Hello all,
I have a very messy dataset, and I need to split one column into many based on a ',' delimiter.
RISK FACTORS
H1, H5, H6, H10 & Scoring sheet
H1, H6, H10, C1; R4 & Scoring sheet
H1,2,3,5,6,10; C1,3,R3,5
H1-2,5-6,10;C1;R4
H1-2,5-6,9-10;C1-2,4;R3-5
H:5,6,8,10
H; 1,5,6,7,8,10; C3,5; H:4,5
HA, H#, H6, H*, R4, R5, & scoring sheet
The data needs to be in H1, H2, H3, H4, etc, format.
I think the scan() command would be best for this data to split it up once it is cleaned, but I have no idea how to force the format that I need.
Any ideas?
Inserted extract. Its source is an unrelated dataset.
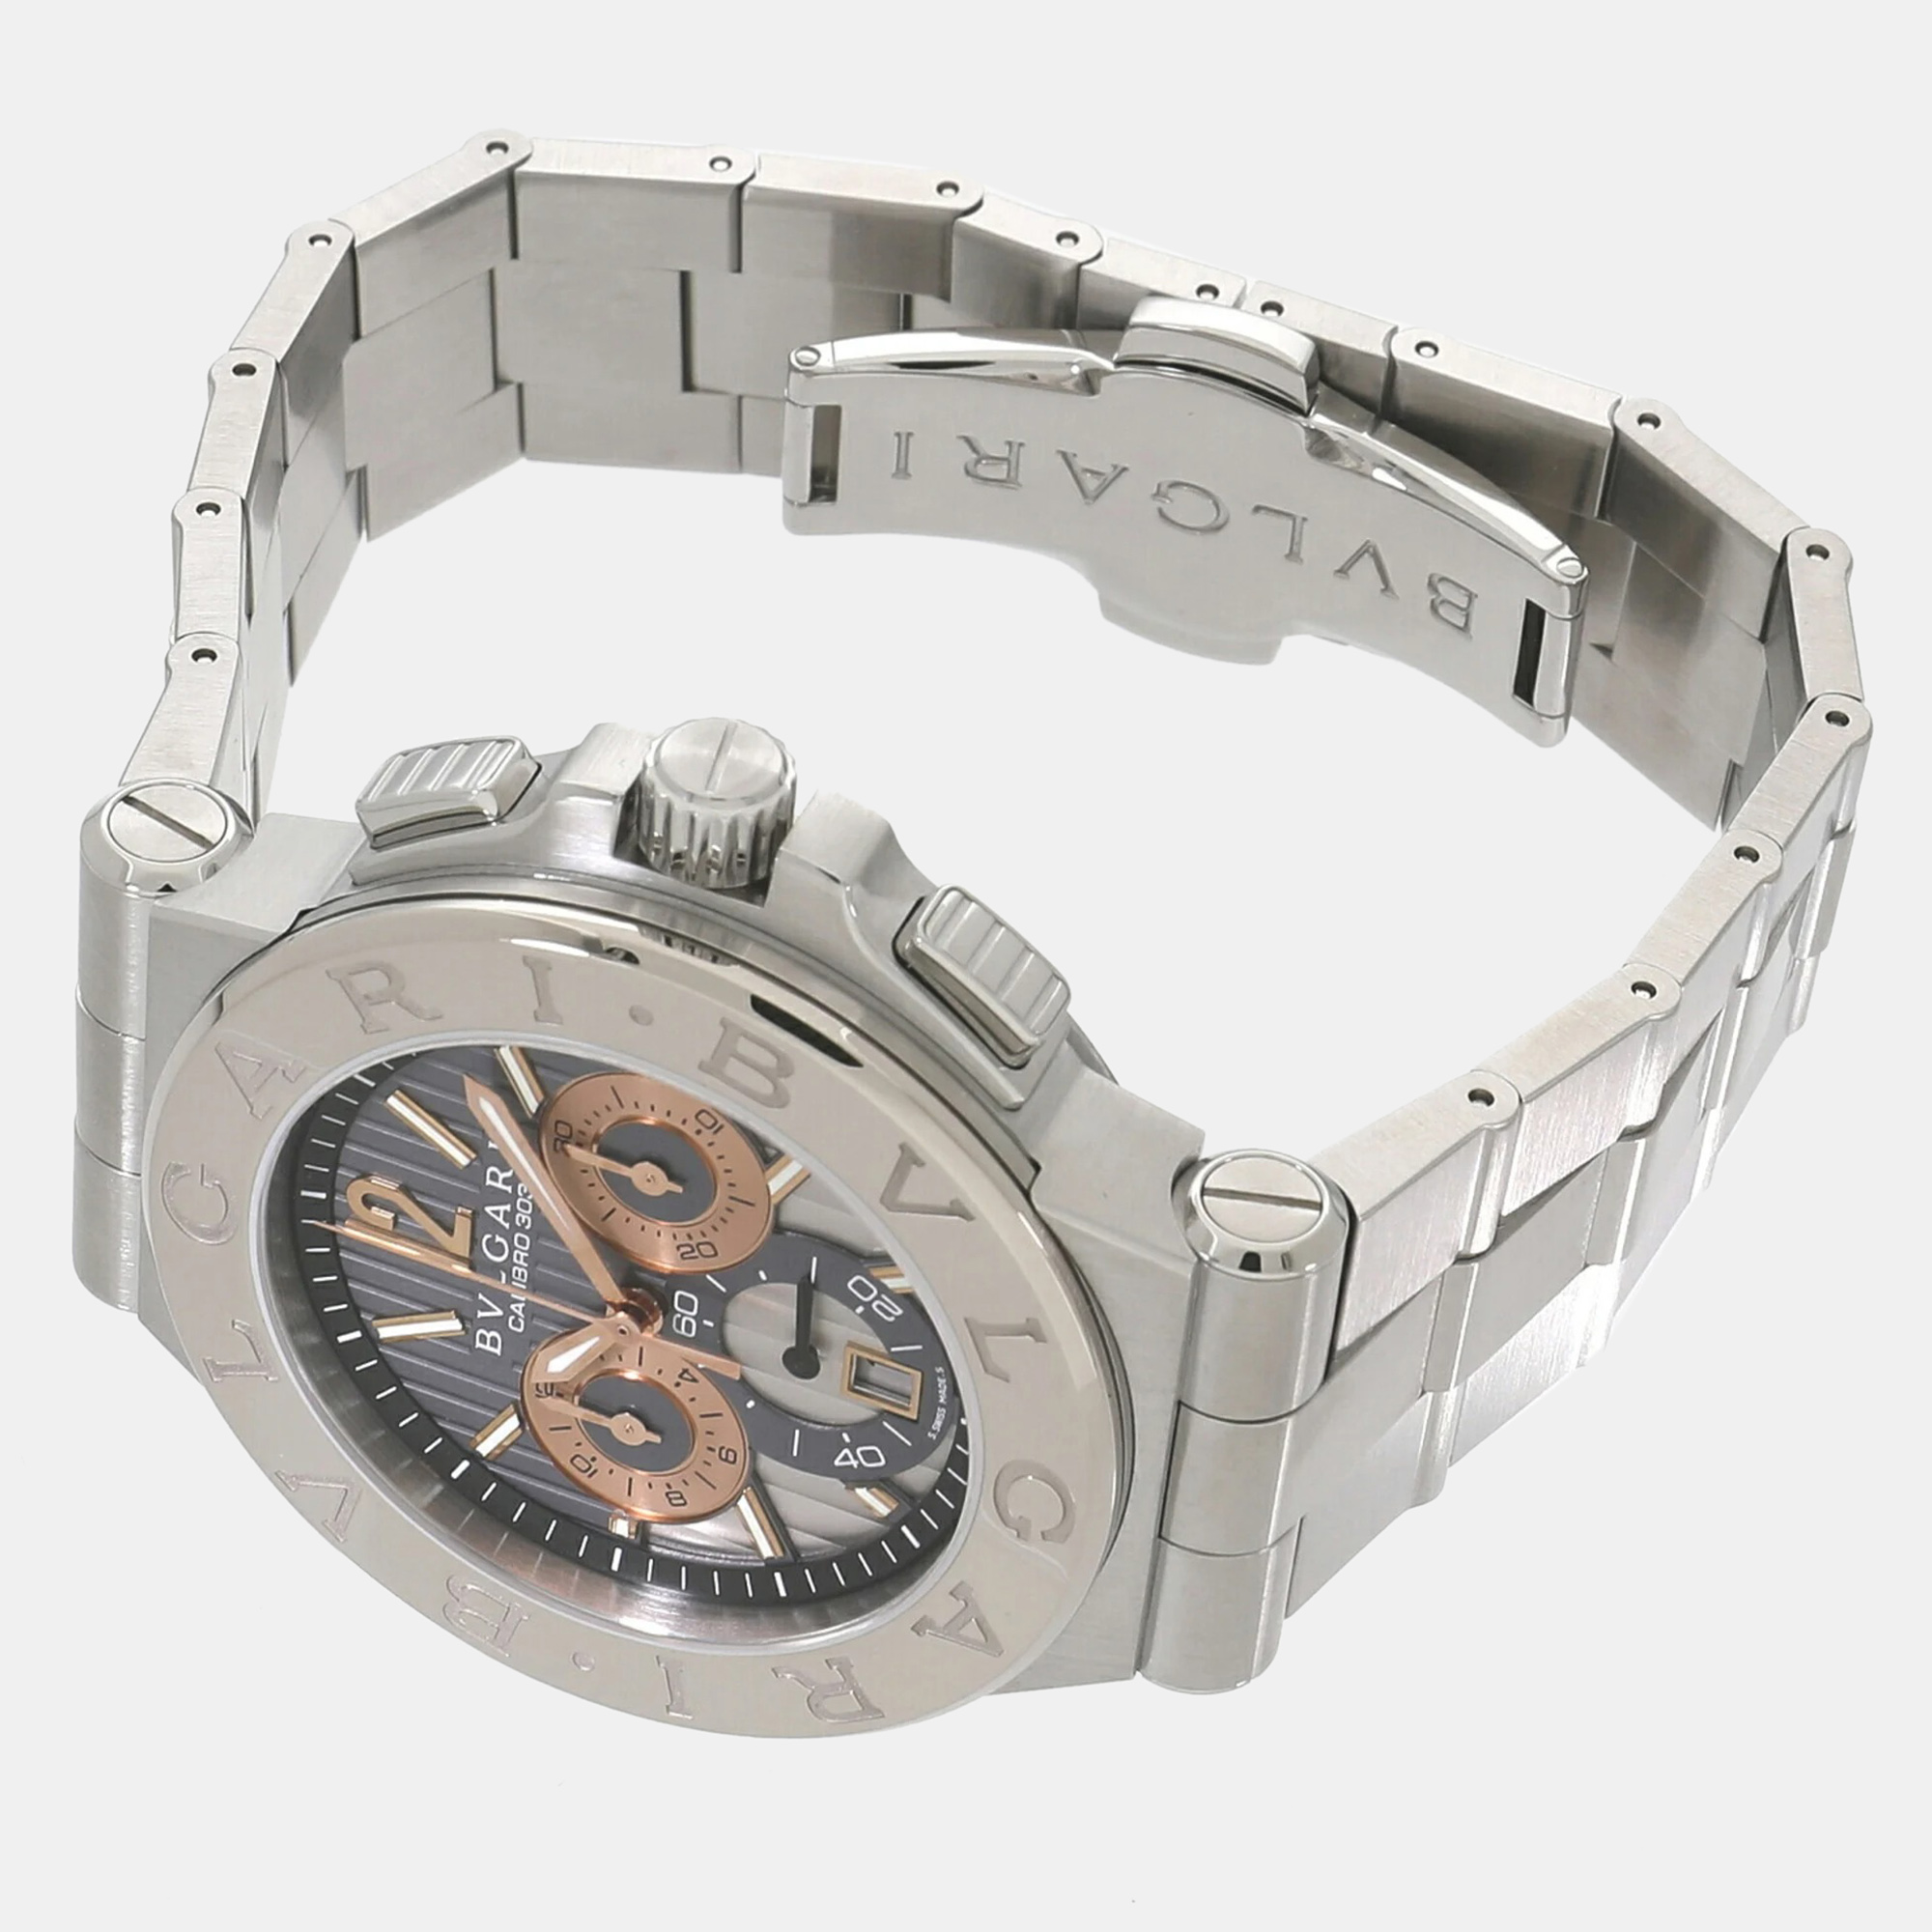 

Bvlgari Grey 18k White Gold And Stainless Steel Diagono DG42C14SWGSDCH Automatic Men's Wristwatch 42 mm

Thanks in advance.
IF the code that I showed for parsing one type of values works then perhaps use that a pattern for "re-entering" data.
That would be a time to remove/ignore things like "Screening Codes" or other not obviously useful text.
What is the name of the current variable holding the value?
What names do you want the values placed in? Which variable gets which value for each of your "example" rows?
You should show how you want the result to look as it is not very clear. I am afraid that "The data needs to be in H1, H2, H3, H4, etc, format." does not make much sense when your data looks like "HA, H#, H6, H*, R4, R5, & scoring sheet"
The variable name is Risk_Factors.
I am also confused.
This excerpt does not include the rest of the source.